Cricothyroidotomy times were consistently longer for the >45 yr age group than the <44 yr age group. By the fifth attempt, 96% of all participants were able to perform the procedure in less than 40 s. The authors established in this series a minimum number of five attempts to successfully attain the necessary skills for the procedure. The study's limitations include use of a mannequin instead of human subjects or cadavers, as well as lack of real-time emergency situation and complications (such as bleeding and edema). It is also not clear from this study what the appropriate retraining interval might be for optimal cricothyroidotomy skill retention. Nevertheless, the results suggest that individuals are unlikely to be successful in performing emergency cricothyroidotomies unless they have had some formal training in the procedure.
Do Elevated Tissue Glutamate Concentrations Shorten Duration of Local Anesthetics? Cairns et al.  (page 521)

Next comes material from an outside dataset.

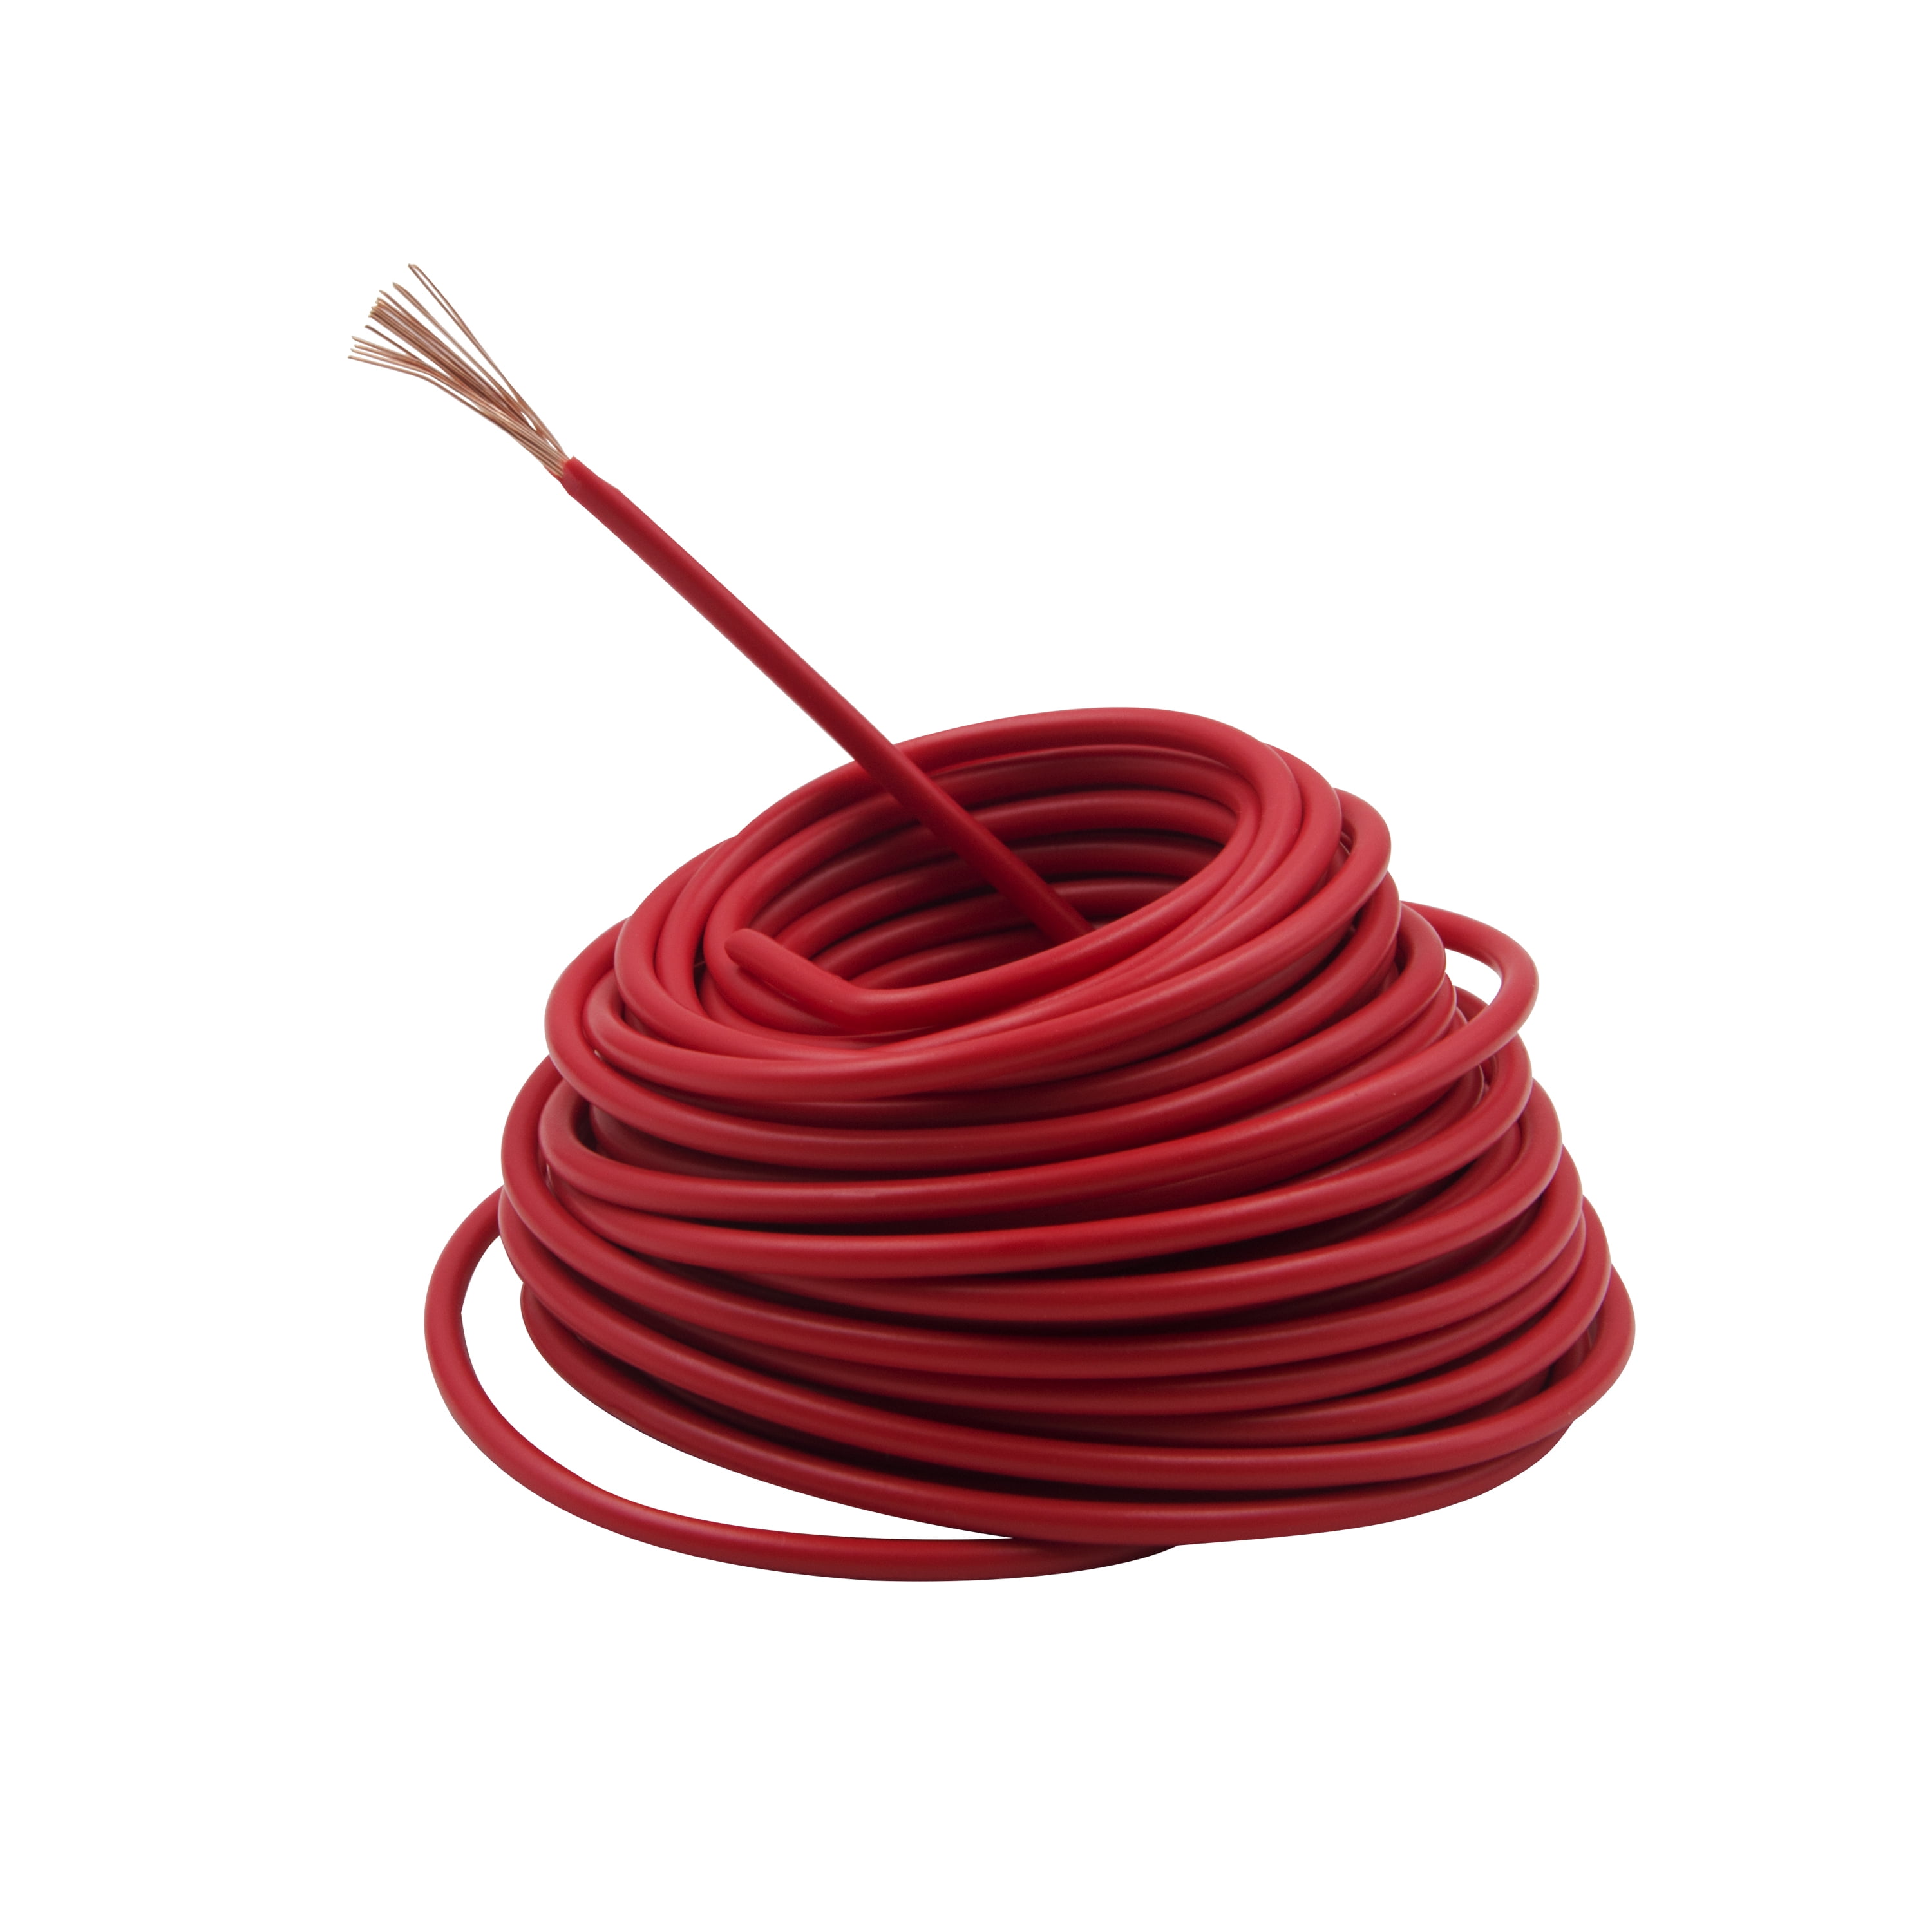 16 Gauge Wire, Red, Gpt Primary Wire, 16/30, 35 foot
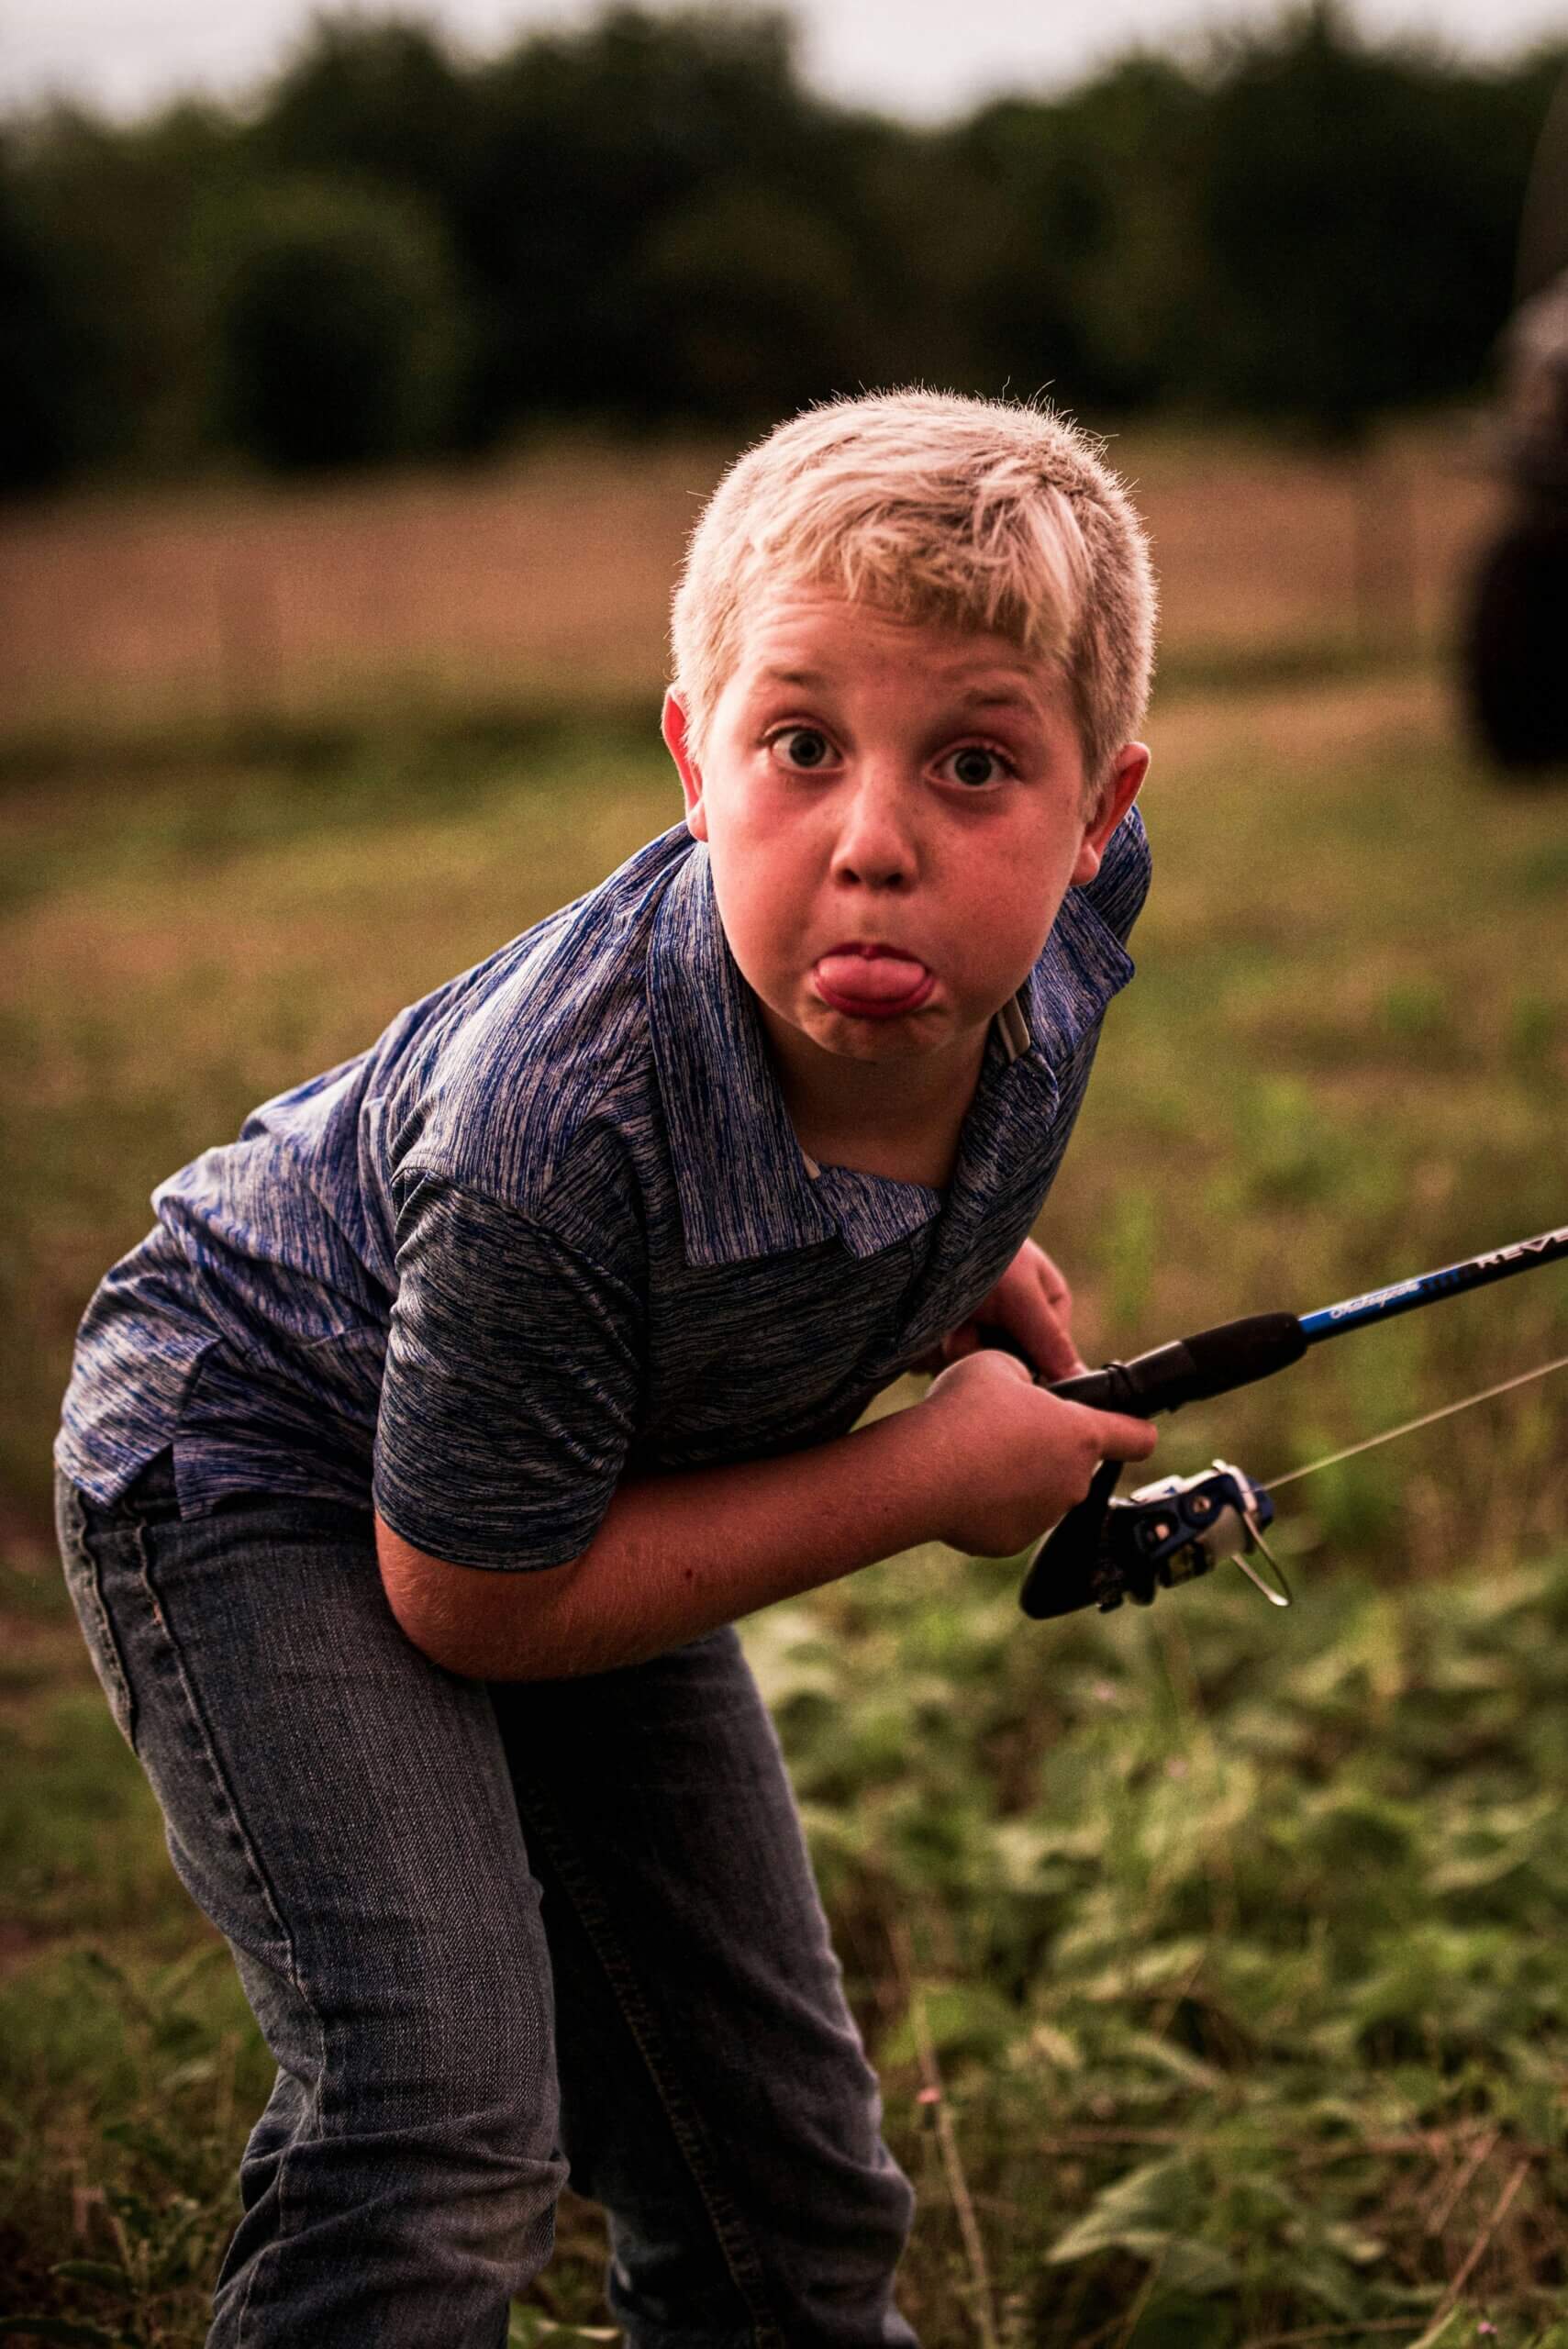 kid sticking out tongue holding fishing pole

To determine whether elevated tissue glutamate concentrations affect the duration of lidocaine-induced blockade of masseter muscle afferent fibers, Cairns et al.  conducted a series of experiments in rats. Following initial surgeries to enable in vivo recording of trigeminal primary afferent fiber activity, afferent fiber mechanical thresholds were determined. Masseter muscle was then injected with one of the following solutions: hypertonic glutamate; glutamate combined with kynurenate, a broad-spectrum excitatory amino acid receptor antagonist (EAA); isotonic saline; or dextrose. Mechanical stimuli were again applied to the muscle at 1-min intervals for 10 min, after which lidocaine was injected and mechanical stimuli were resumed.
In a second set of experiments, the authors used a novel magnetic resonance imaging methodology to investigate the effect of the injections on masseter muscle tissue extracellular water content. A final set of experiments involved determination of masseter muscle blood flow using radiolabeled microsphere blood flow measurements. The team found that injection of either glutamate or dextrose significantly shortened the duration of lidocaine blocks when compared with the effects of isotonic saline injection. The duration of the block was shorter after glutamate than after dextrose. Injection of glutamate also significantly decreased the mechanical threshold of muscle afferent fibers. Glutamate alone, glutamate with kynurenate, and dextrose injections all produced edema lasting longer than 60 min. Peak extracellular water decreased more rapidly when kynurenate was coinjected with glutamate. Both glutamate and dextrose increased muscle blood flow for 30 min postinjection, while kynurenate attenuated the glutamate-induced increases in blood flow.
Although glutamate does not necessarily produce tissue inflammation, it does increase edema and blood flow and sensitizes muscle afferent fibers, all of which are characteristic of tissue inflammation. These changes are mediated through the activation of peripheral EAA receptors, and the authors’ findings suggest that activation of peripheral EAA receptors can shorten the duration of local anesthesia with lidocaine.